The main parameters of interest derived from a diagnostic fracture injection test (DFIT) are minimum in-situ stress, reservoir pressure, and permeability. The latter two can only be obtained uniquely from the transient reservoir responses, often requiring days to weeks of test time. The DFIT flowback analysis (DFIT-FBA) method, a sequence of pump-in/flowback (PIFB), is a fast alternative to the pump-in/falloff (conventional) DFIT for estimating minimum in-situ stress and reservoir pressure. Because the properties of the fracture are unknown, reservoir permeability cannot be estimated directly and therefore well productivity index (PI) has been reported in previous DFIT-FBA studies. The goal of the current study is to develop a methodology for estimating reservoir permeability and fracture properties from a DFIT-FBA test.
In this study, a fully coupled hydraulic fracturing, reservoir, and wellbore simulator was used as a first step to identify critical mechanisms operating during the flowback period of a DFIT-FBA test.
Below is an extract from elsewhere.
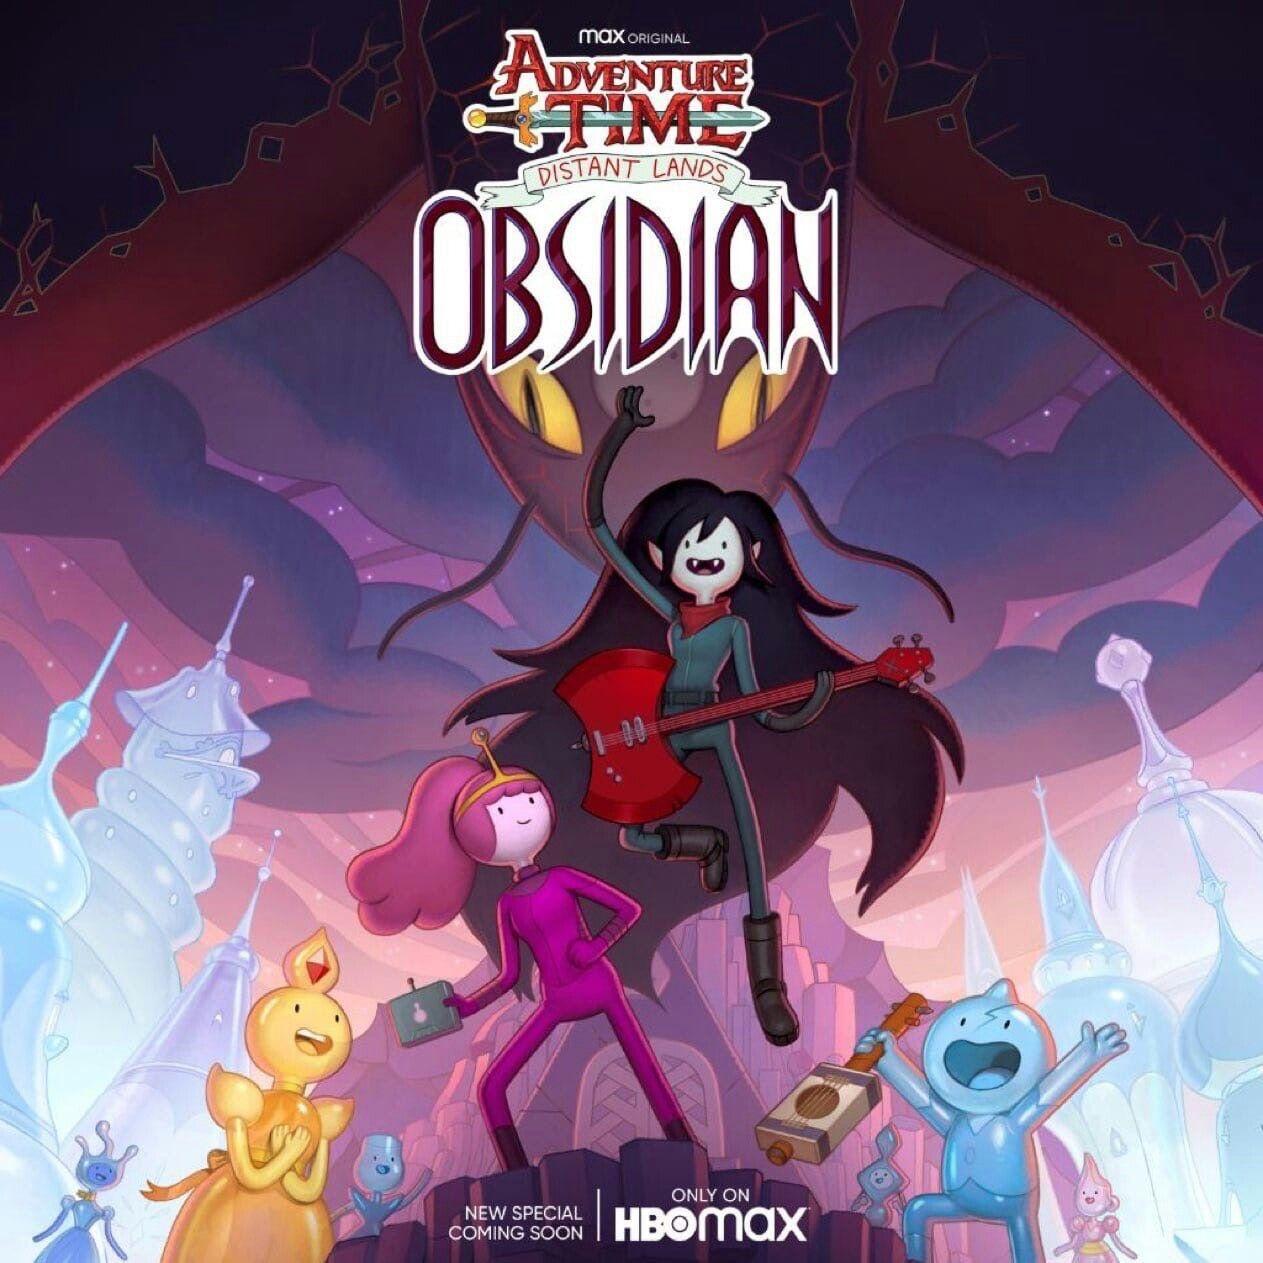 adventure time distant lands obsidian

Subsequently, findings from the simulator were used to develop an analytical solution to estimate reservoir permeability, fracture surface area, open fracture stiffness, and contact pressure. The analytical model relies on a new rate-transient analysis (RTA) technique that accounts for the dynamic behavior of the fracture and changing leakoff rate during the before-closure period. The proposed approach was validated against a simulation case, and its practical application was demonstrated using a field example performed in a tight reservoir.
The reservoir permeability and fracture surface area, derived from the analytical model at the contact point, agree within 2% of the simulation model input. The field example examined herein exhibited flow regimes similar to the simulation case, and fracture surface area, open fracture stiffness, contact pressure, minimum in-situ stress, reservoir pressure, and permeability were all obtained in a fraction of the time required by conventional DFITs.